* [Supplied information]

▼▼▼

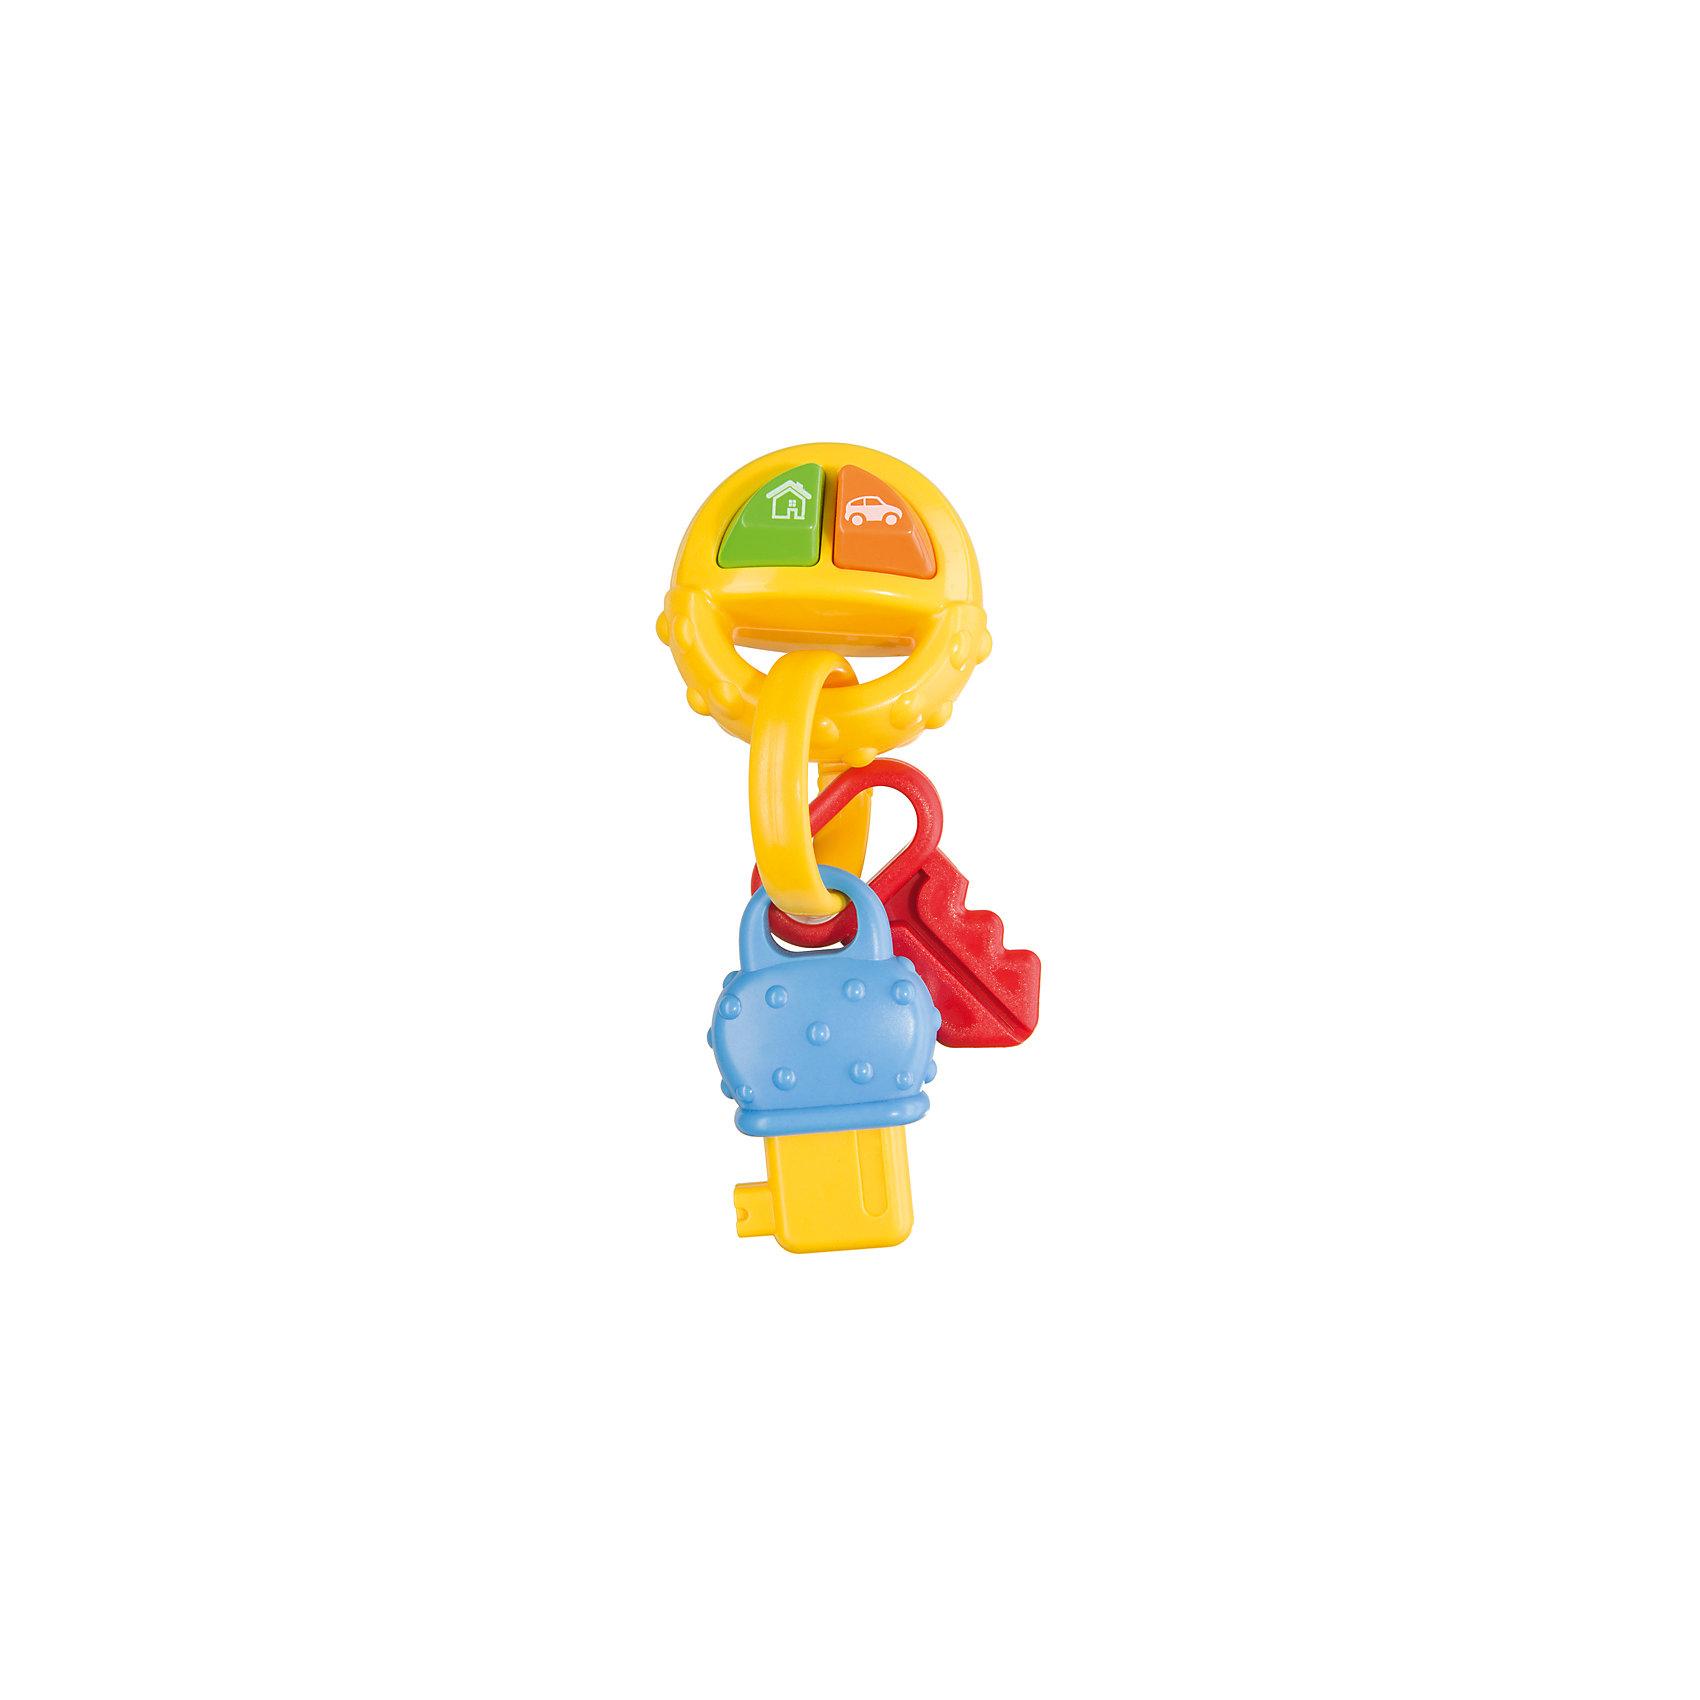 Игрушка PIP-PIP KEYS, Happy BabyРазвивающие игрушки<br>Характеристики товара:<br><br>• возраст: от 6 месяцев;<br>• материал: пластик;<br>• тип батареек: 2 батарейки LR44;<br>• наличие батареек: в комплекте;<br>• размер упаковки: 24х15х5 см;<br>• вес упаковки: 90 гр.;<br>• страна производитель: Китай.<br><br>Игрушка «PIP-PIP Keys» Happy Baby - развивающая игрушка для малышей, которая способствует развитию тактильных ощущений, мелкой моторики рук, цветового и зрительного восприятия. В процессе игры ребенок учится различать звуки, так как игрушка издает звуки автомобиля и звонка в дверь.<br><br>Фактурная поверхность позволяет использовать игрушку как прорезыватель для зубов, который снимет неприятные ощущения у малыша во время появления первых зубов. Игрушка изготовлена из качественного безопасного пластика.<br><br>Игрушку «PIP-PIP Keys» Happy Baby можно приобрести в нашем интернет-магазине.<br><br>Ширина мм: 45<br>Глубина мм: 135<br>Высота мм: 235<br>Вес г: 90<br>Возраст от месяцев: 6<br>Возраст до месяцев: 36<br>Пол: Унисекс<br>Возраст: Детский<br>SKU: 5345693
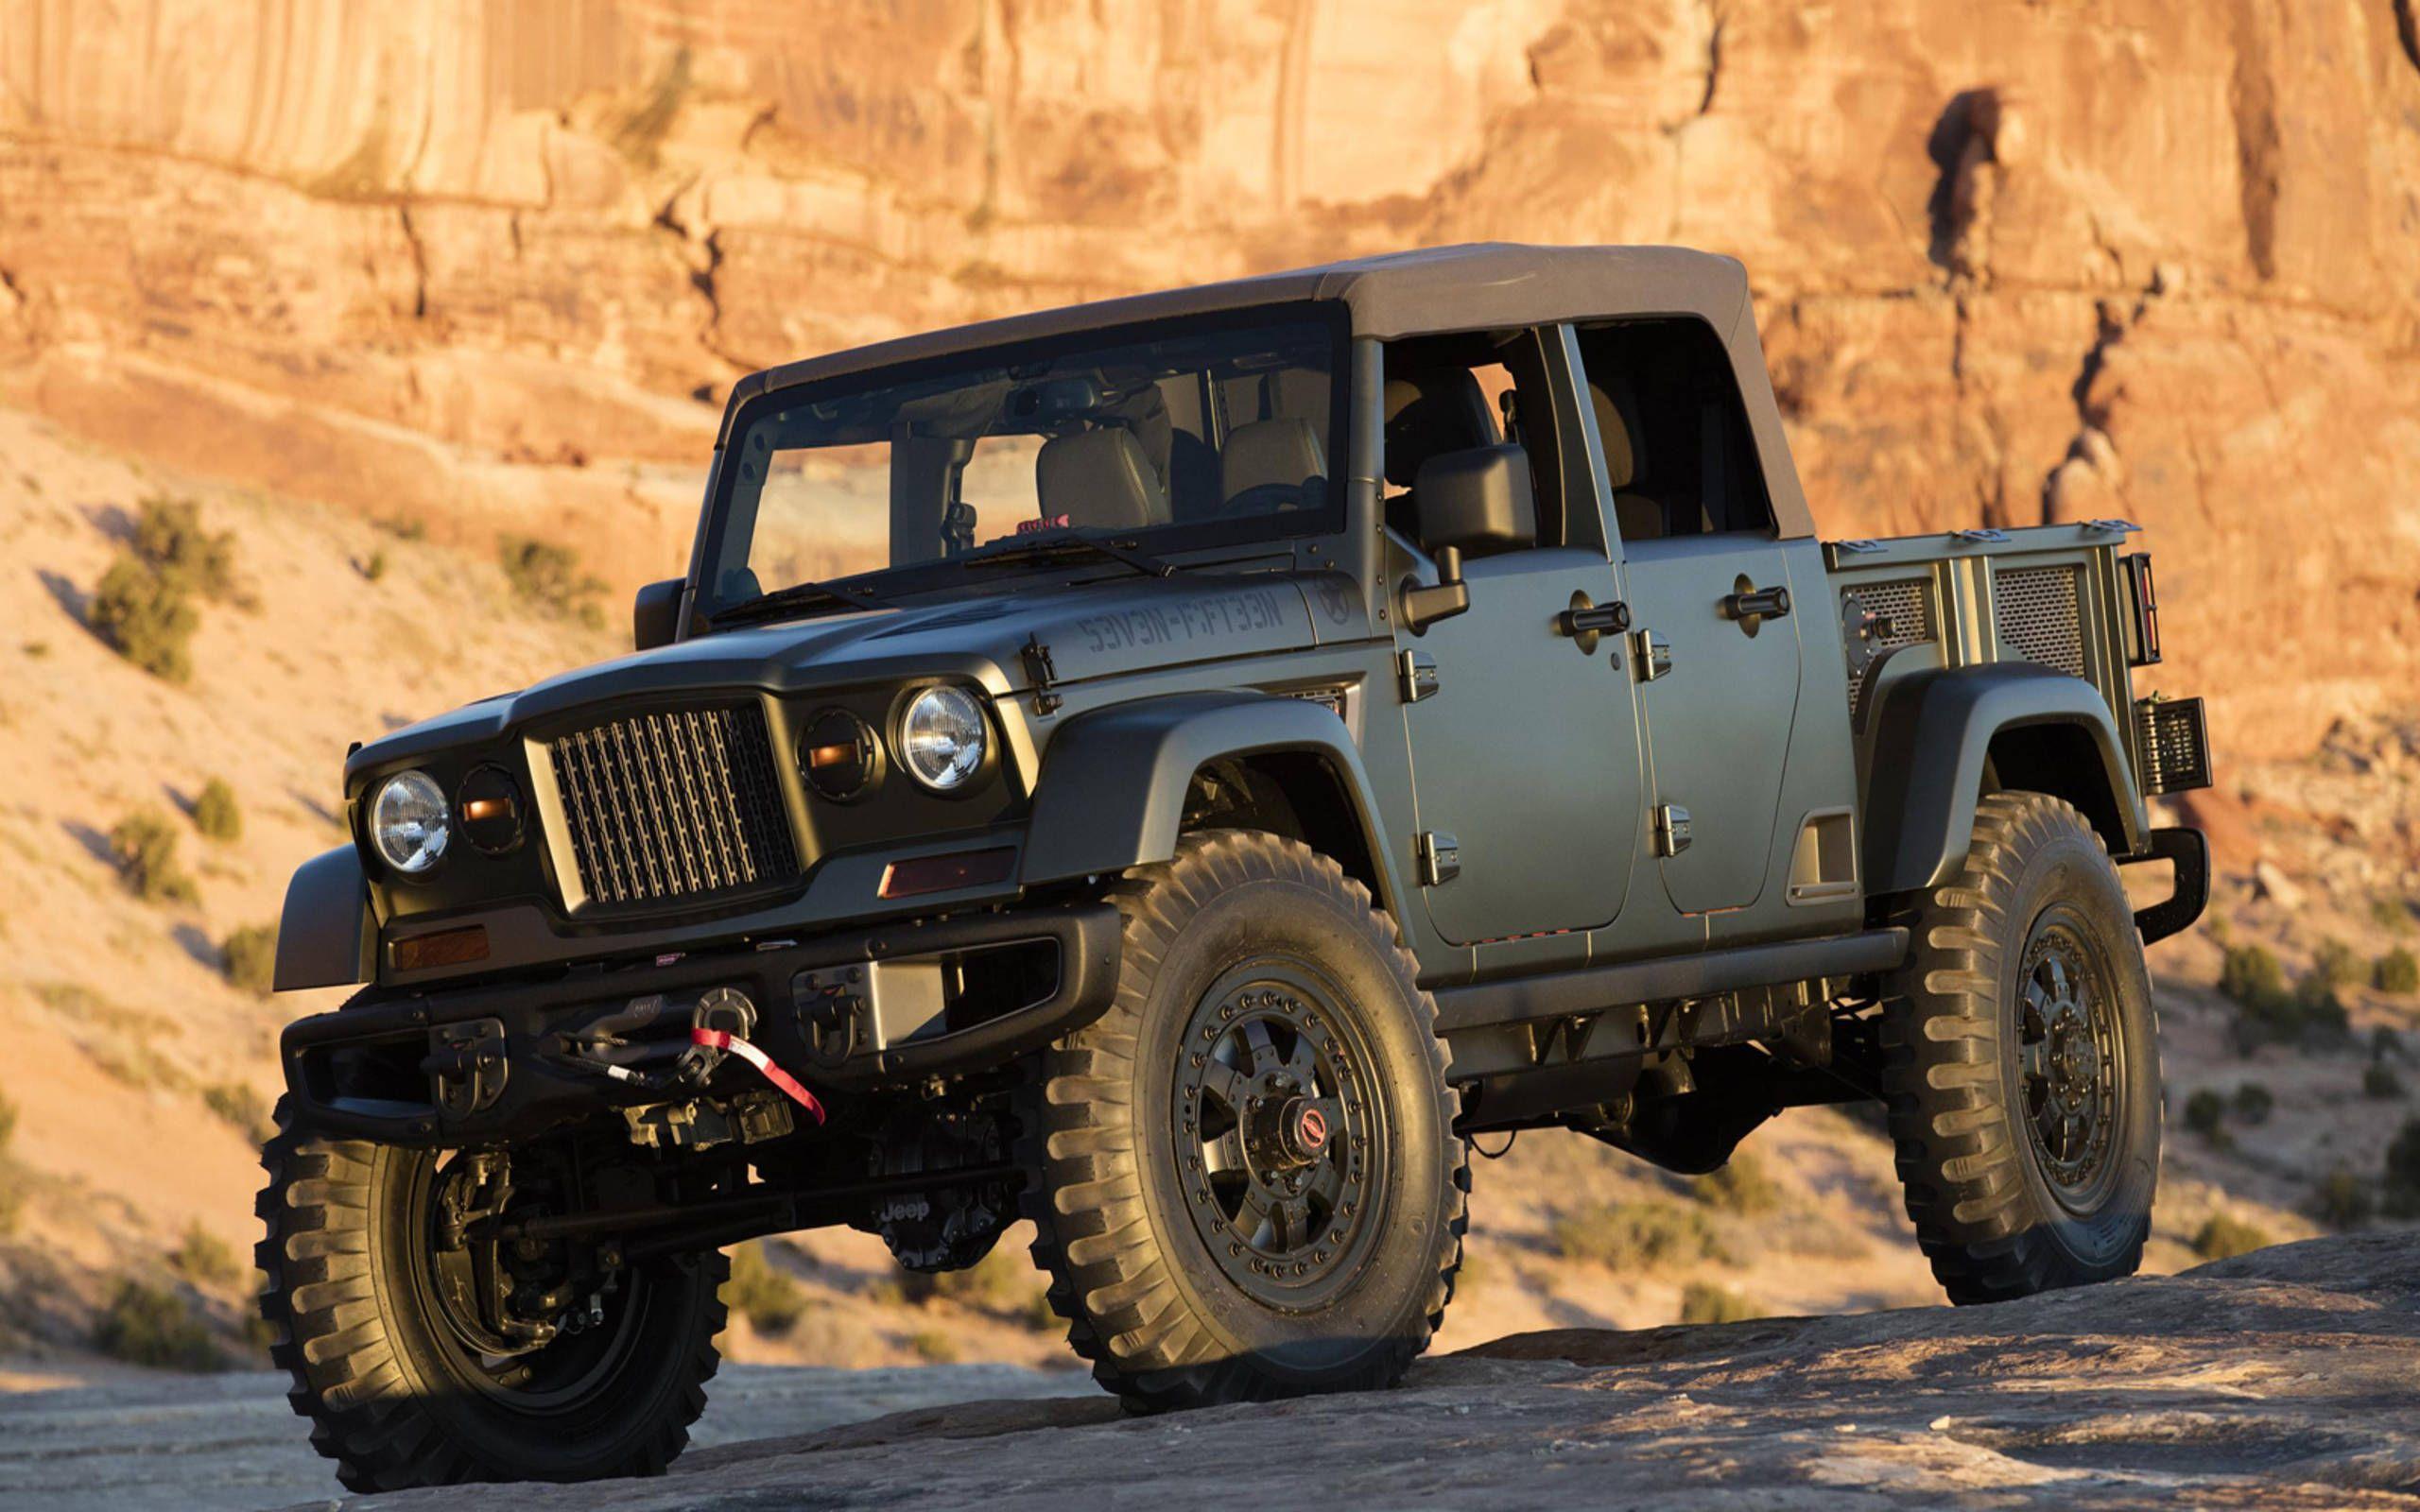 The Jeep Scrambler Will Get An Optional Soft Top
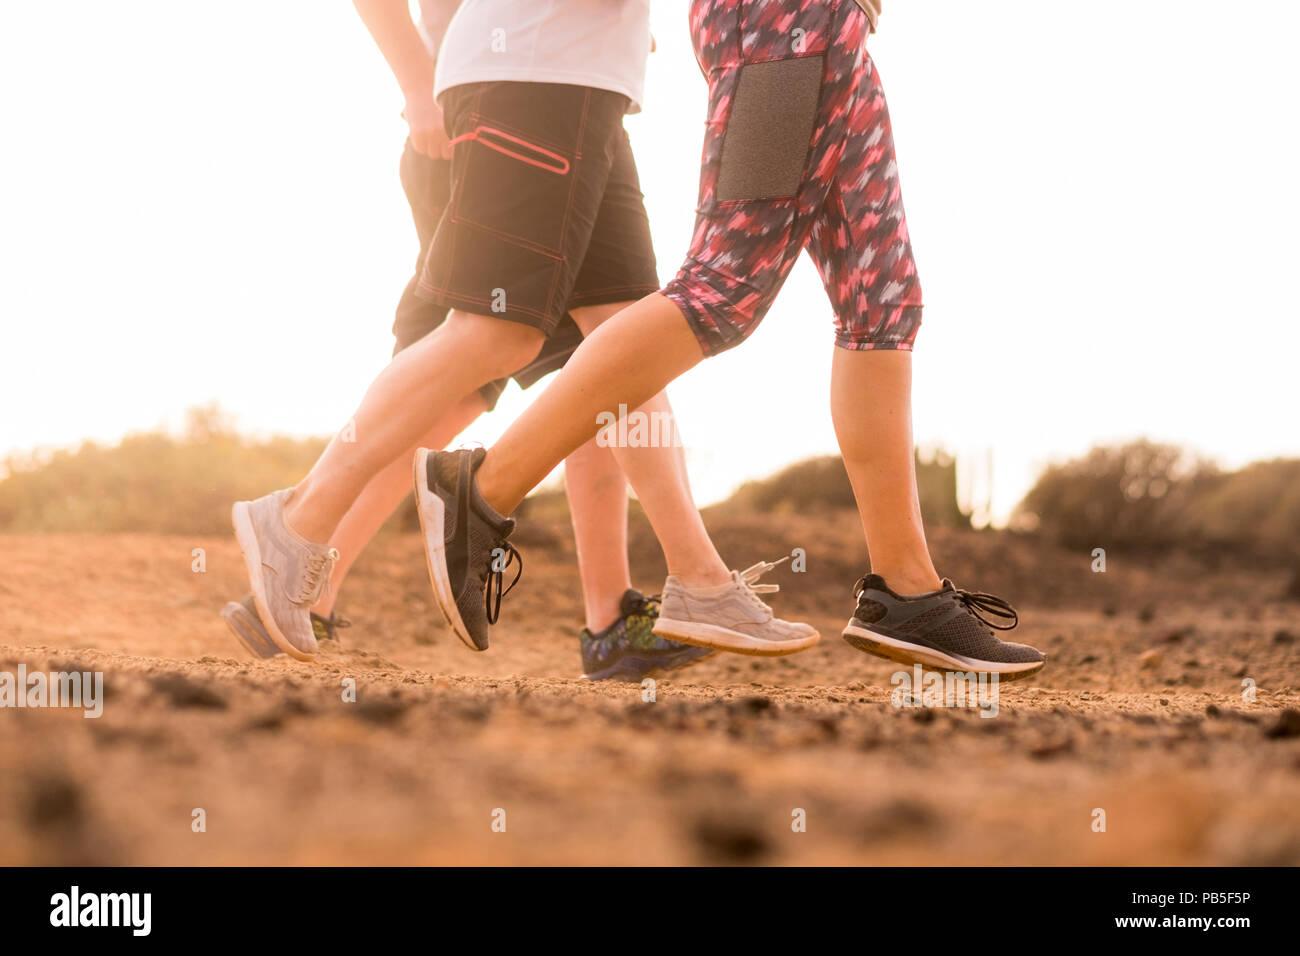 Groupe de trois caucasian runner doing jogging sur le sol du désert de l'activité en plein air dans la nature. Sport et mode de vie sain pour les gens de l'été soleil météo. Photo Stock

▲▲▲

* [How to complete this task] Copy out every line above, word for word, minus images.

* [Written response]
 Игрушка PIP-PIP KEYS, Happy BabyРазвивающие игрушки<br>Характеристики товара:<br><br>• возраст: от 6 месяцев;<br>• материал: пластик;<br>• тип батареек: 2 батарейки LR44;<br>• наличие батареек: в комплекте;<br>• размер упаковки: 24х15х5 см;<br>• вес упаковки: 90 гр.;<br>• страна производитель: Китай.<br><br>Игрушка «PIP-PIP Keys» Happy Baby - развивающая игрушка для малышей, которая способствует развитию тактильных ощущений, мелкой моторики рук, цветового и зрительного восприятия. В процессе игры ребенок учится различать звуки, так как игрушка издает звуки автомобиля и звонка в дверь.<br><br>Фактурная поверхность позволяет использовать игрушку как прорезыватель для зубов, который снимет неприятные ощущения у малыша во время появления первых зубов. Игрушка изготовлена из качественного безопасного пластика.<br><br>Игрушку «PIP-PIP Keys» Happy Baby можно приобрести в нашем интернет-магазине.<br><br>Ширина мм: 45<br>Глубина мм: 135<br>Высота мм: 235<br>Вес г: 90<br>Возраст от месяцев: 6<br>Возраст до месяцев: 36<br>Пол: Унисекс<br>Возраст: Детский<br>SKU: 5345693
 The Jeep Scrambler Will Get An Optional Soft Top
 Groupe de trois caucasian runner doing jogging sur le sol du désert de l'activité en plein air dans la nature. Sport et mode de vie sain pour les gens de l'été soleil météo. Photo Stock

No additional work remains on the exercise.